The reclustering allows us to gather all the signal in the dataset, positive and negative, to see how cells in the dataset behave in relation to that subpart of the transcriptomic space.
Now let’s recluster the cells for some of the fcoex module and visualize it in Seurat .
The cells will be divided on two groups: header positive (HP) and header negative (HN). For details on why, see the next session on anti-correlated genes.
library(gridExtra)
fc <- recluster(fc)
## Detecting clusters for the following modules:
## [1] "S100A8"
## S100A8
## [1] "HLA-DPB1"
## HLA-DPB1
## [1] "TYMP"
## TYMP
## [1] "HLA-DRB1"
## HLA-DRB1
## [1] "MS4A1"
## MS4A1
## [1] "LYZ"
## LYZ
## [1] "CD7"
## CD7
## [1] "IFI6"
## IFI6
## [1] "HLA-DQA2"
## HLA-DQA2
# Running UMAP to obtain layout for cells
pbmc_small <- RunUMAP(pbmc_small, dims = 1:10)
## Warning: The default method for RunUMAP has changed from calling Python UMAP via reticulate to the R-native UWOT using the cosine metric
## To use Python UMAP via reticulate, set umap.method to 'umap-learn' and metric to 'correlation'
## This message will be shown once per session
## 17:32:42 UMAP embedding parameters a = 0.9922 b = 1.112
## 17:32:42 Read 80 rows and found 10 numeric columns
## 17:32:42 Using Annoy for neighbor search, n_neighbors = 30
## 17:32:42 Building Annoy index with metric = cosine, n_trees = 50
## 0% 10 20 30 40 50 60 70 80 90 100%
## [----|----|----|----|----|----|----|----|----|----|
## **************************************************|
## 17:32:42 Writing NN index file to temp file /tmp/Rtmp69dsdH/file19cbde29e13866
## 17:32:42 Searching Annoy index using 1 thread, search_k = 3000
## 17:32:42 Annoy recall = 100%
## 17:32:44 Commencing smooth kNN distance calibration using 1 thread with target n_neighbors = 30
## 17:32:44 7 smooth knn distance failures
## 17:32:46 Initializing from normalized Laplacian + noise (using irlba)
## 17:32:46 Commencing optimization for 500 epochs, with 2410 positive edges
## 17:32:48 Optimization finished
plot1 <- DimPlot(pbmc_small)
pbmc_reclustered <- pbmc_small
# S100A8 is a marker of some monocytes
Idents(pbmc_reclustered) <- idents(fc)[["S100A8"]]

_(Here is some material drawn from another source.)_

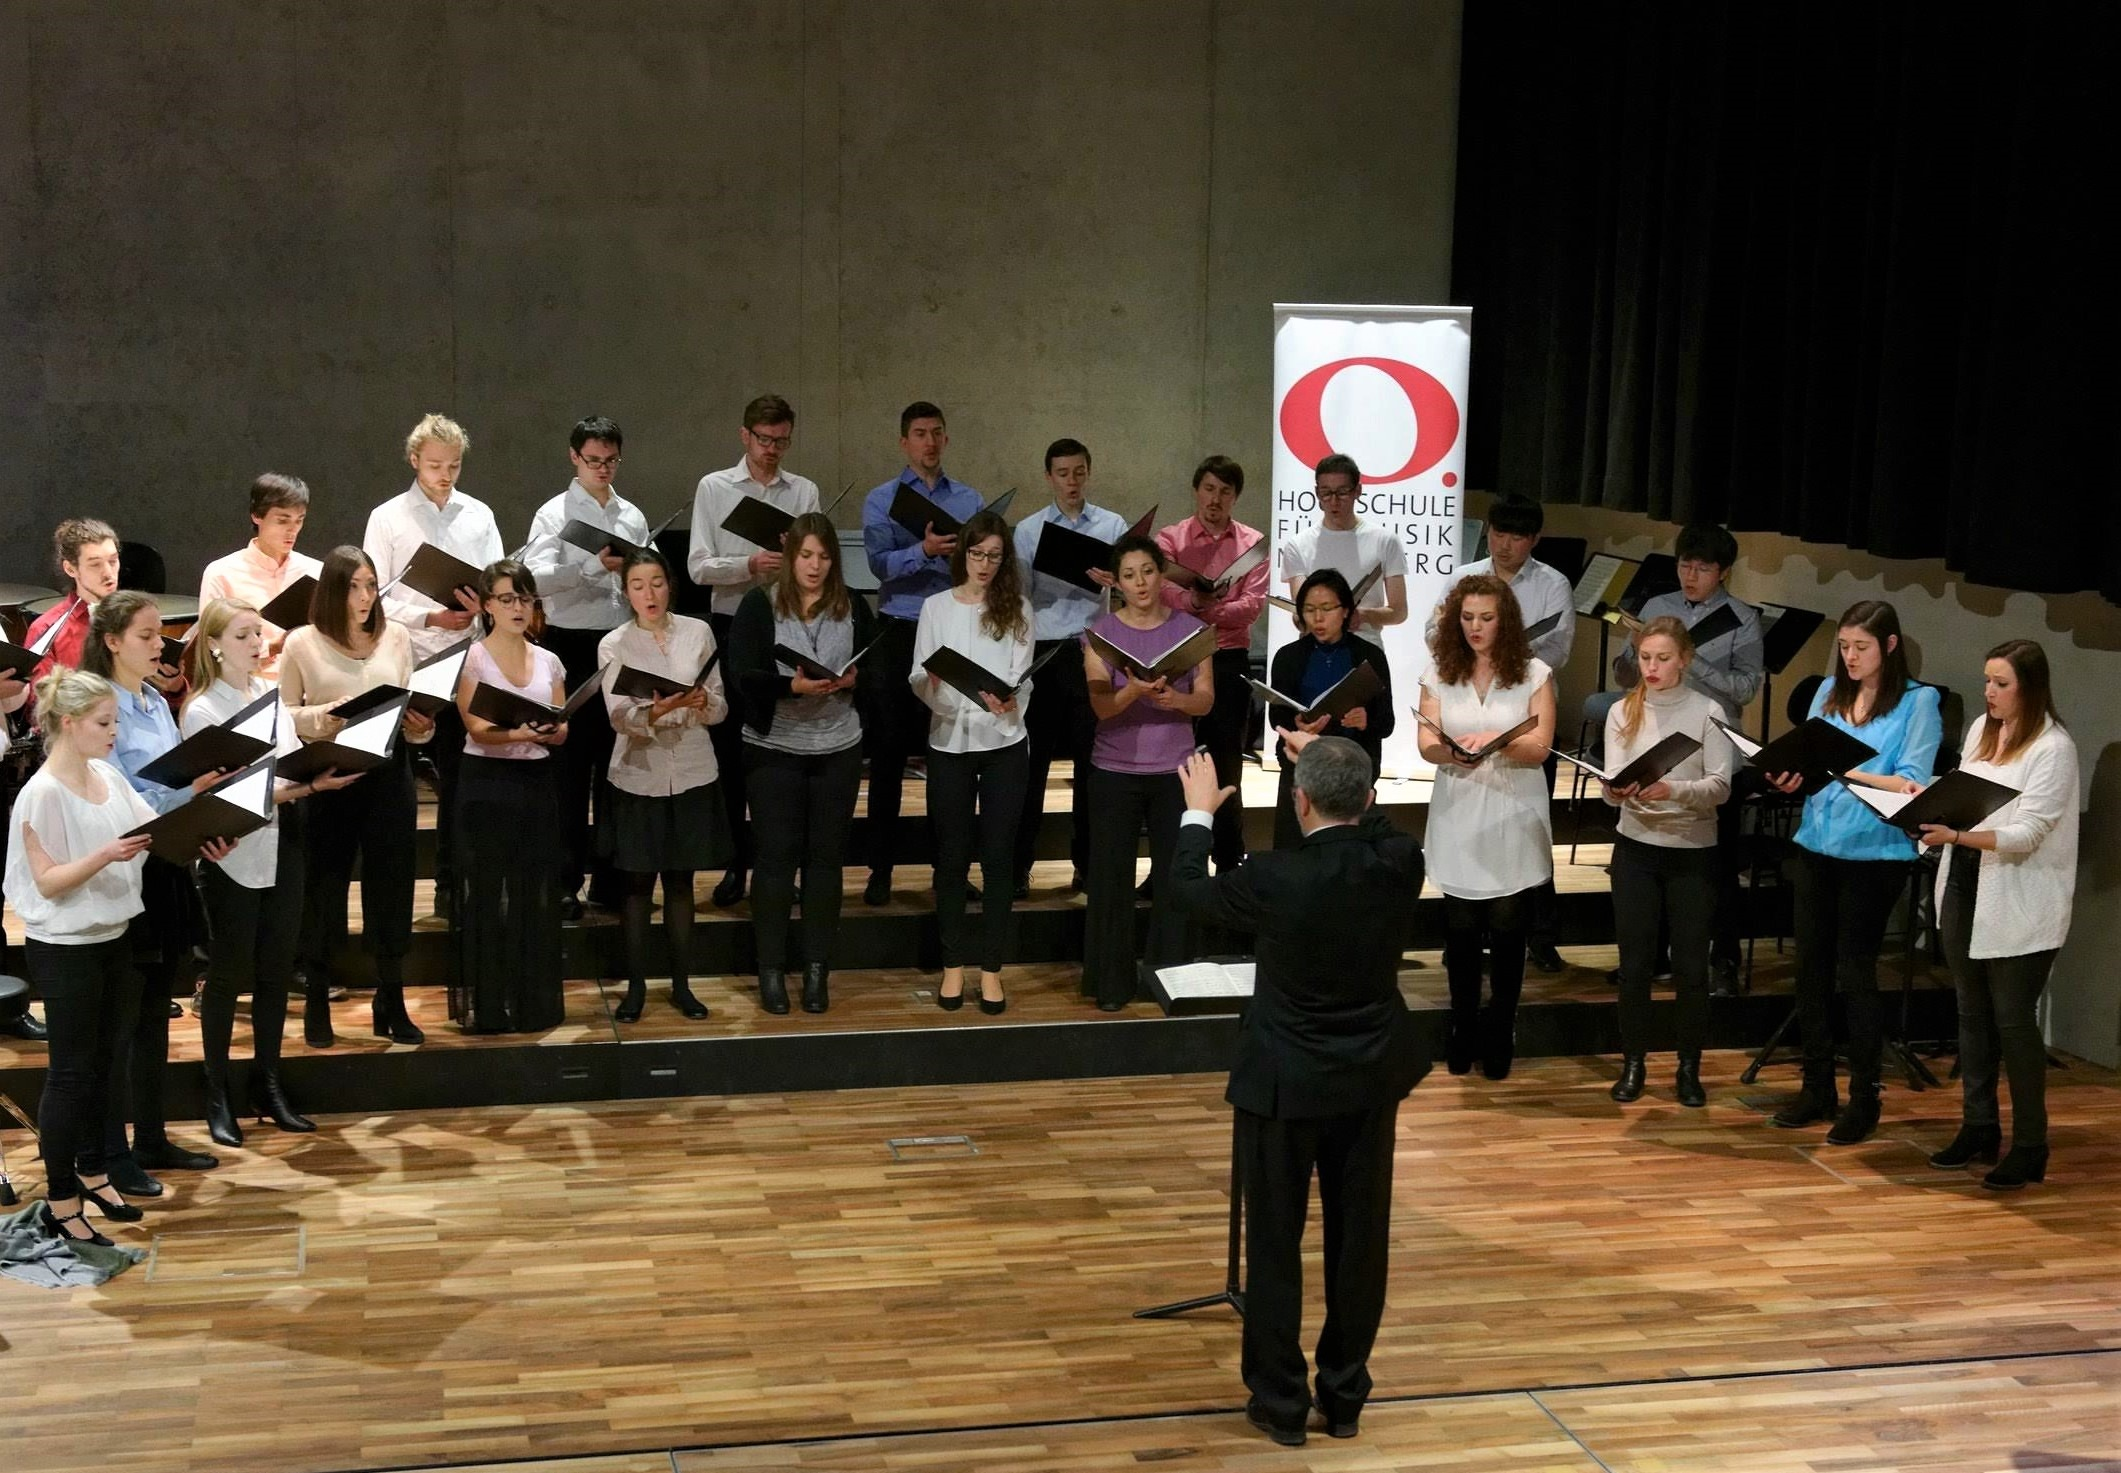 chor_hochschule_für_musik_nürnberg

plot2 <- DimPlot(pbmc_reclustered, reduction = 'umap', cols = c("darkgreen", "dodgerblue3")) +
ggtitle("S100A8")
# HLA-DPB1 is a marker of Antigen Presenting Cells
Idents(pbmc_reclustered) <- idents(fc)[["HLA-DPB1"]]

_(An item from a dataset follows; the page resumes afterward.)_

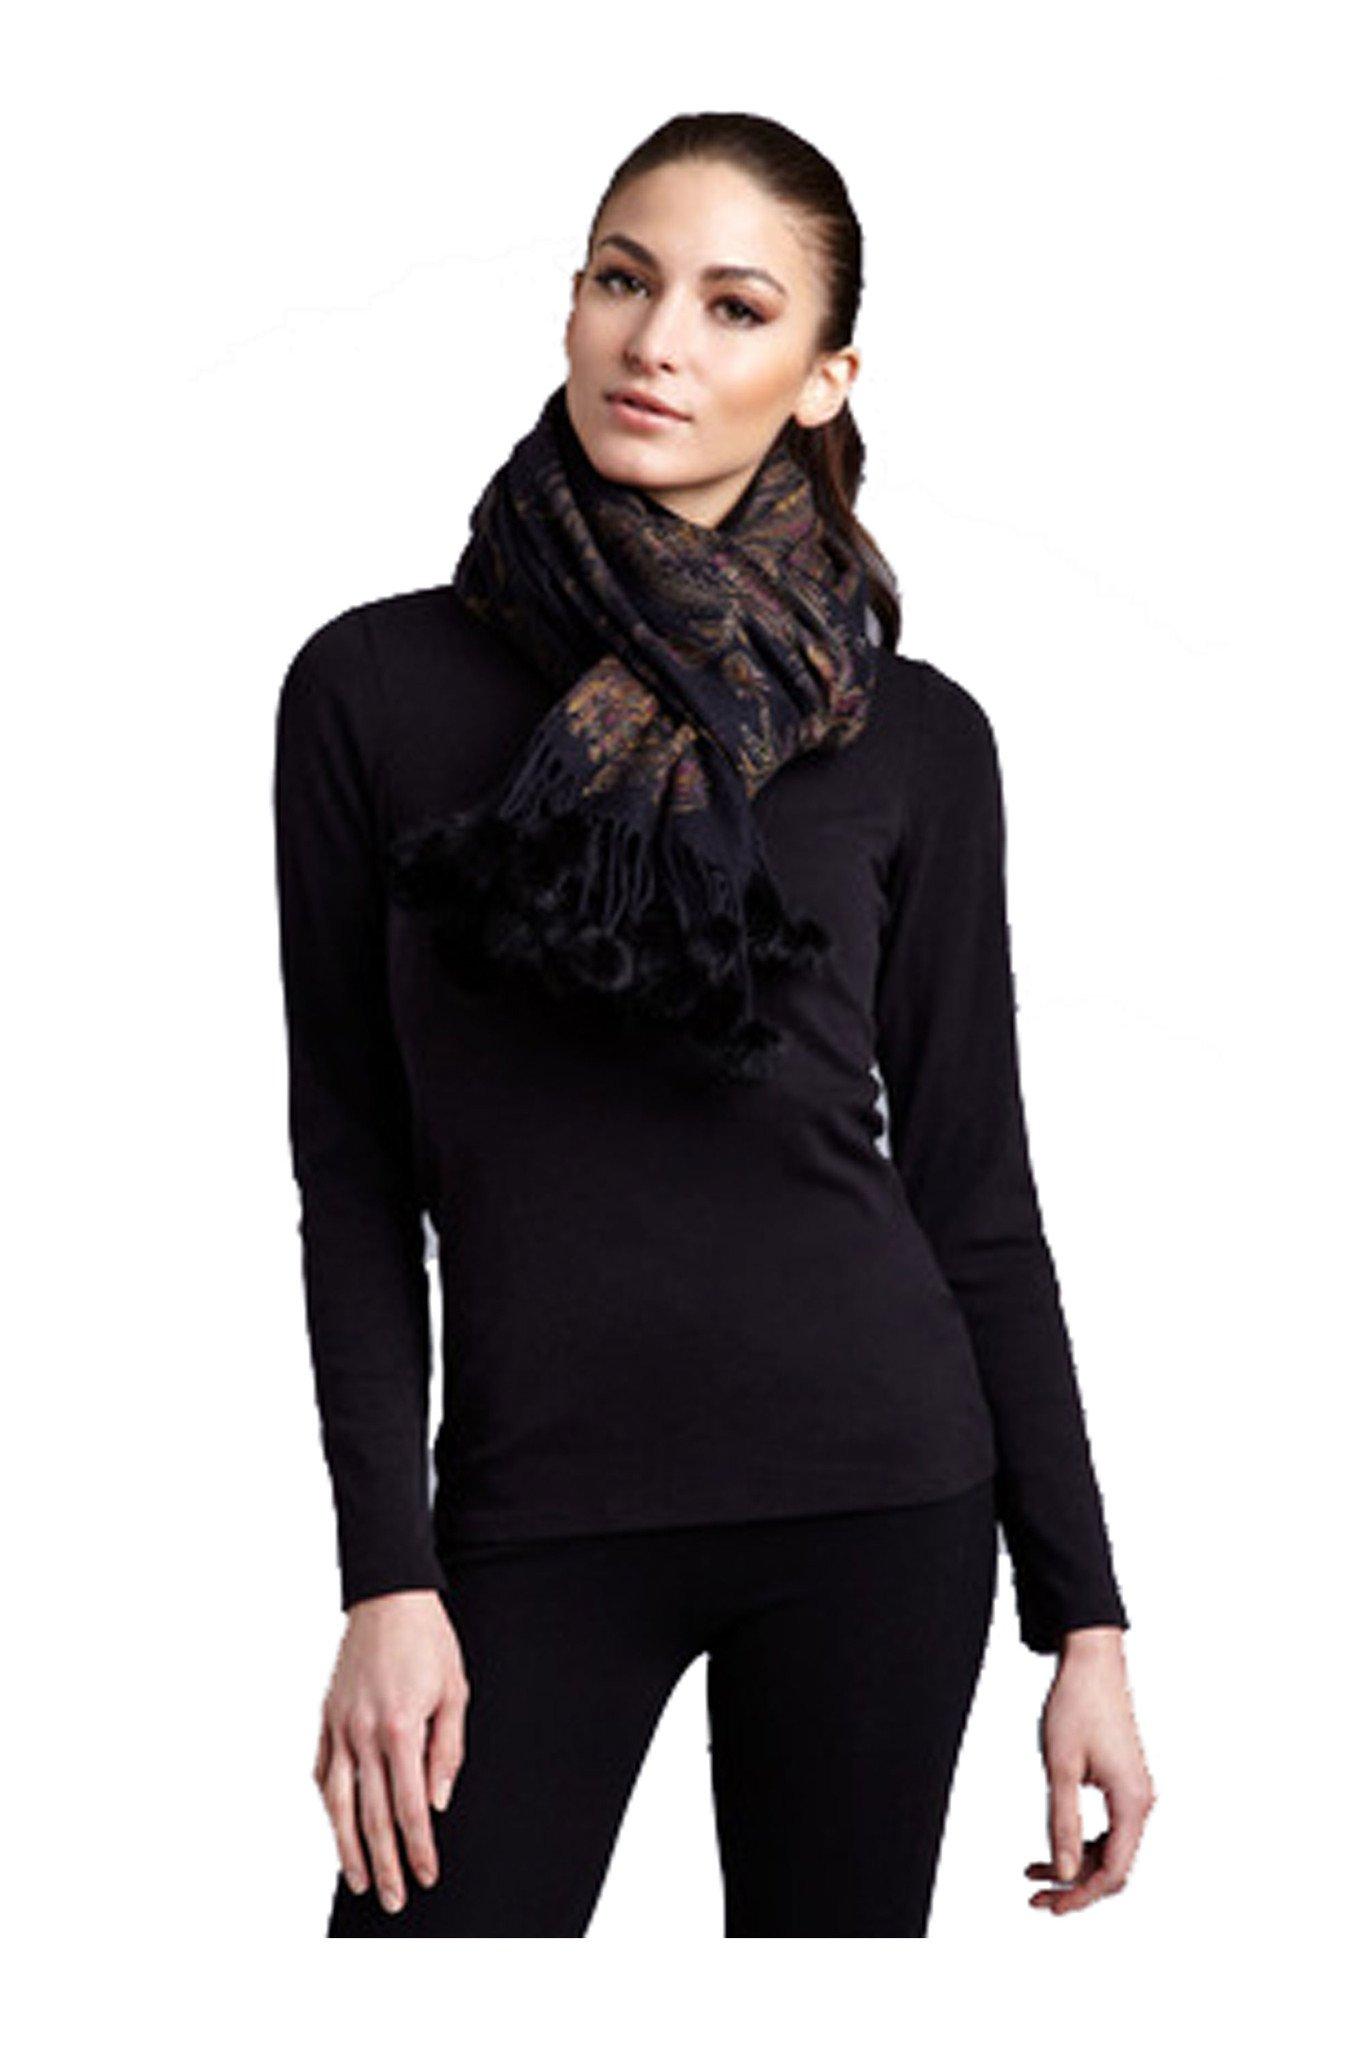 Cashmere Pashmina Group-Cashmere Shawl Scarf Wrap Stole (Solid/ Reversible Print w/ Genuine Fur) - Mink Black

plot3 <- DimPlot(pbmc_reclustered, reduction = 'umap', cols = c("darkgreen", "dodgerblue3")) +
ggtitle("HLA-DPB1")
# MS4A1 is a marker of B cells
Idents(pbmc_reclustered) <- idents(fc)[["MS4A1"]]
plot4 <- DimPlot(pbmc_reclustered, reduction = 'umap', cols = c("darkgreen", "dodgerblue3")) +
ggtitle("MS4A1")
grid.arrange(plot1, plot2, plot3, plot4, nrow=2)
If you notice the “HP” clusters, you will see that the “HLA-DPB1” recluster covers roughly the same cells as the combination of the “S100A8” recluster and the “MS4A1” reclusters. This is expected, as both B cells and monocytes are antigen presenting cells.
Notice that these overlapped insights are not possible looking by one single flat output.